Нескладно и даже как бы «неприлично» для «барина» проявилось в нем это стремление жить и действовать по сущей правде; в нескладных, ни на что непохожих и ни с чем несообразных формах проявилось оно среди народа, в деревне, в мужицкой избе; да и для народа, среди которого оно проявилось, оно казалось также ни с чем несообразным, нескладным, ни на что непохожим и уж во всяком случае «сумнительным» явлением; но во всей этой нескладице, неожиданности форм проявления действительно таилась «сущая правда», настоящая, без всякой примеси и обмана, и миллионная доля ее, понятная и постижимая, припоминается теперь на каждом шагу, так как на каждом шагу – в общественных, мирских, домашних, семейных делах и отношениях – чувствуется потребность в коренном обновлении крестьянского дела, крестьянского духа, ума; чувствуется потребность выразить стремление к правде, всегда неизменной, в ином виде, иной форме, ином размере.
И вот в такие-то минуты и припоминаются сорокалетнему современнику эти, неведомо откуда принесшиеся, дуновения сущей правды, «объявлявшейся в ту пору»и неведомо куда канувшей, и никакого иного, кроме смутного воспоминания, не оставившей следа.
К сожалению, это появление в народной среде каких-то едва-едва вспоминаемых очертаний «сущей правды», то есть каких-то таких поступков и каких-то таких слов и указаний, в которых как будто бы заключалось именно то, что надобно было крестьянину новой жизненной обстановки, то, чему следовало бы верить, – к сожалению, все это появлялось в народной среде в такях капельныхразмерах и с такой неподходящей внешностью, что оставило только действительно едва заметный след, частицу какого-то случайно хорошего звука, едва припоминаемое ощущение какого-то благотворного дуновения.
И хотя поэтому выражение: «кабы ежели бы в ту пору»и слышится в устах деревенского современника чуть не на каждом шагу, потому что на каждом шагу он ощущает и тьму, и страх, и безрассветную тяготу нескладицы, но это вовсе не значит, чтобы «в ту пору» он почерпнул так много необходимых ему идей, что с помощью их вполне понимает все, что теперь творится с ним.
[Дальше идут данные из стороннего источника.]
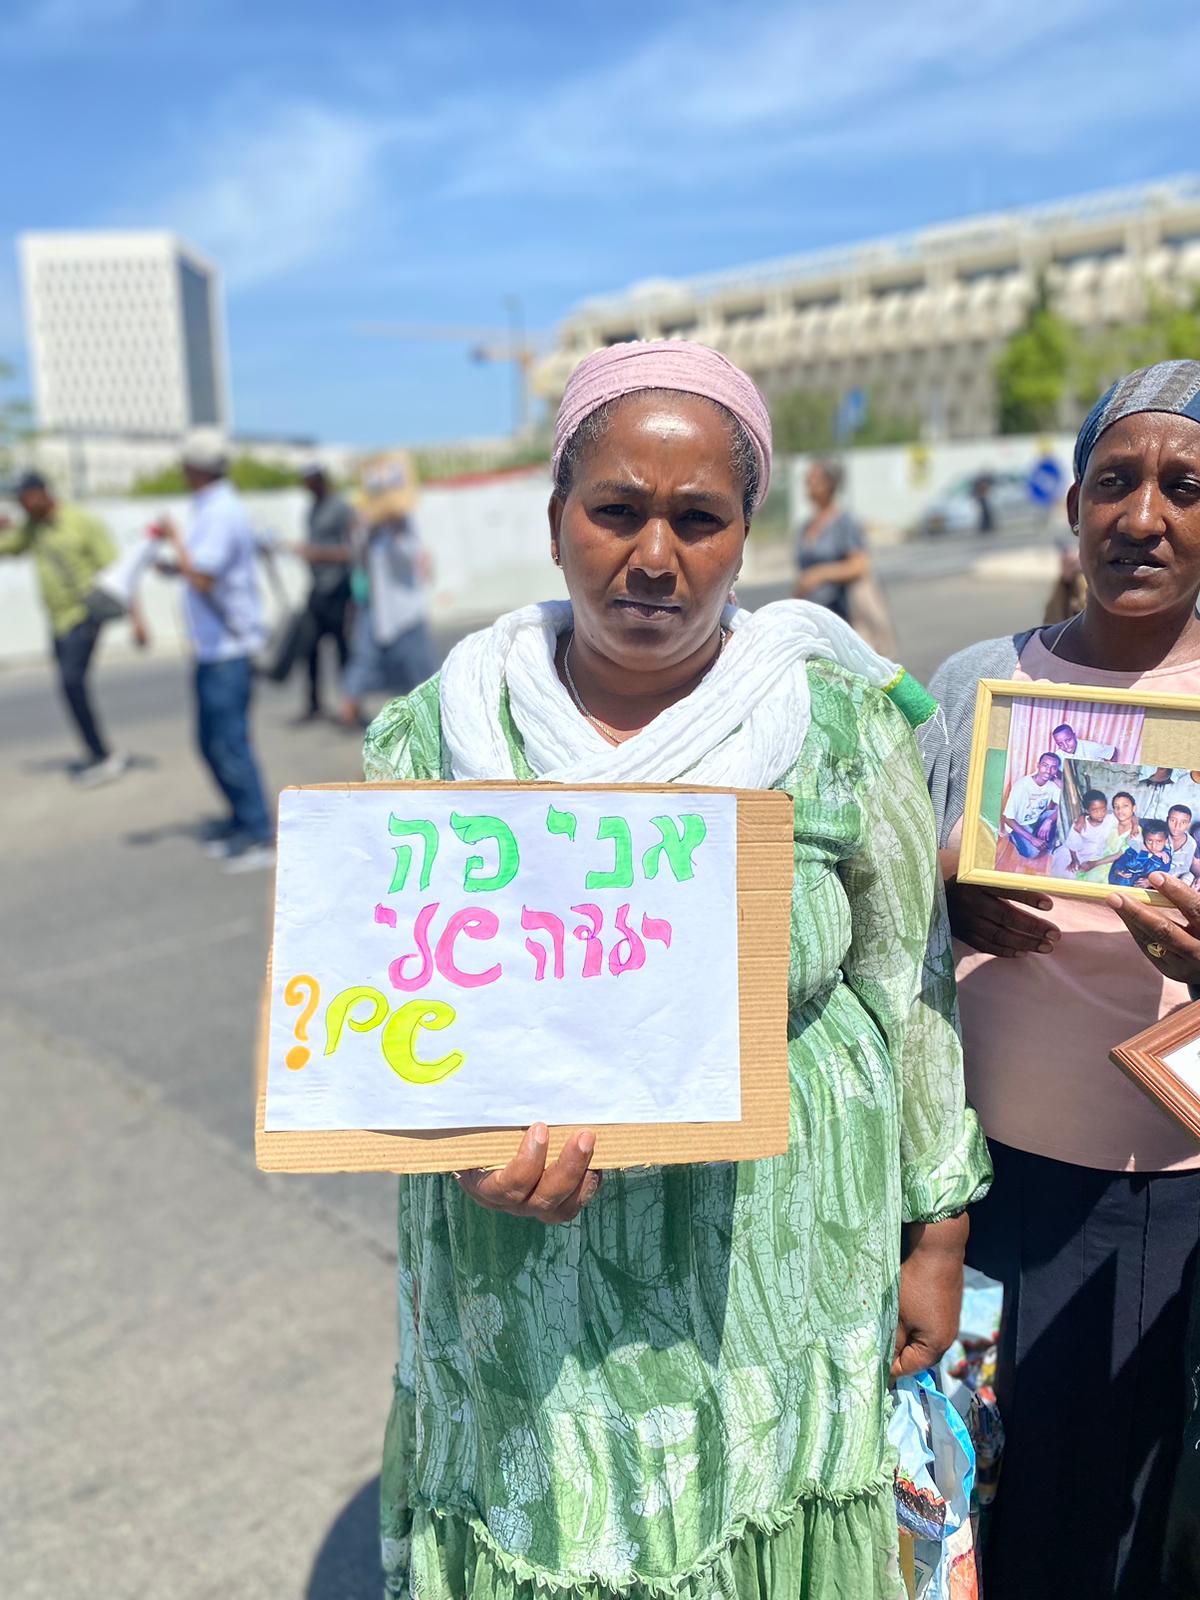 יארדאו בהפגנה להעלאת יהודי אתיופיה הממתינים לעלייה (צילום: יהל פרג')

Далеко нет: «в ту пору» было только что-то похожее на правду, частица, крохотная капелька, которая много-много что даст возможность задуматься над спутавшейся и сбитой в кучу современностью.
2
Вот и семидесятилетний старец, исконный деревенский житель, Афанасий Фирсанов, закручинившись о своей домашней беде, которая как снег на голову свалилась на его дом и семью, также не может почему-то не вспомянуть прошлые времена.
– Кабы в те поры-то, – размышлял он, – послухали бы энту самую барышню-то, да взяли работницу, да Прасковью-то свезли в лазарет, так оно бы, пожалуй что, и совсем бы по-хорошему вышло.
Вспоминает Афанасий Фирсанов, как однажды «в ту пору», неведомо откуда, не то «на дачу», не то – так, неведомо зачем, налетела какая-то барышня-лекарка, в очках, стриженая… И как она шумела по избам, ругая мужиков и баб за больных детей, как она баб было всех взбунтовала против мужиков, говоря, что им, почитай, всем бабам, нельзя было работать в поле, что у одной одна болезнь, у другой – другая; что это злодейство – не лечиться, что будет хуже. Вспомнил он, что и Прасковье сказала она: «Нельзя, надо лечиться», и Прасковья уже подумывала было не идти на работу. Но вспомнил и то, что никогда этого ничего не бывало, что бабы завсегда работали и будут работать, и проповедовать: «лечись» – значит бунтовать, становить вверх дном весь обиход крестьянской жизни. «А кто подати будет платить? А с кого спросят? А есть-пить кто добудет? А скотина?». Все это такие возражения, что даже сами бабы скоро перестали слухать лекарку, которая, очевидно, говорила чорт знает что, бунтовала, да и по прочим речам ее видно было, что она больно сумнительная дама, потому – такие слова говорила, что каждый крещеный человек беспременно должен бы представить ее по начальству, а не то что «слухать» да покоряться ее бунтовству.
Но, выбирая из всех этих воспоминаний только едва вспоминаемый совет – лечить Прасковью, он хотя и чувствует, что этот совет был точно правилен, но очень хорошо знает, что, даже и вспомнив этот правильный совет, ему не понять всей беспросветной тьмы навалившегося на него горя.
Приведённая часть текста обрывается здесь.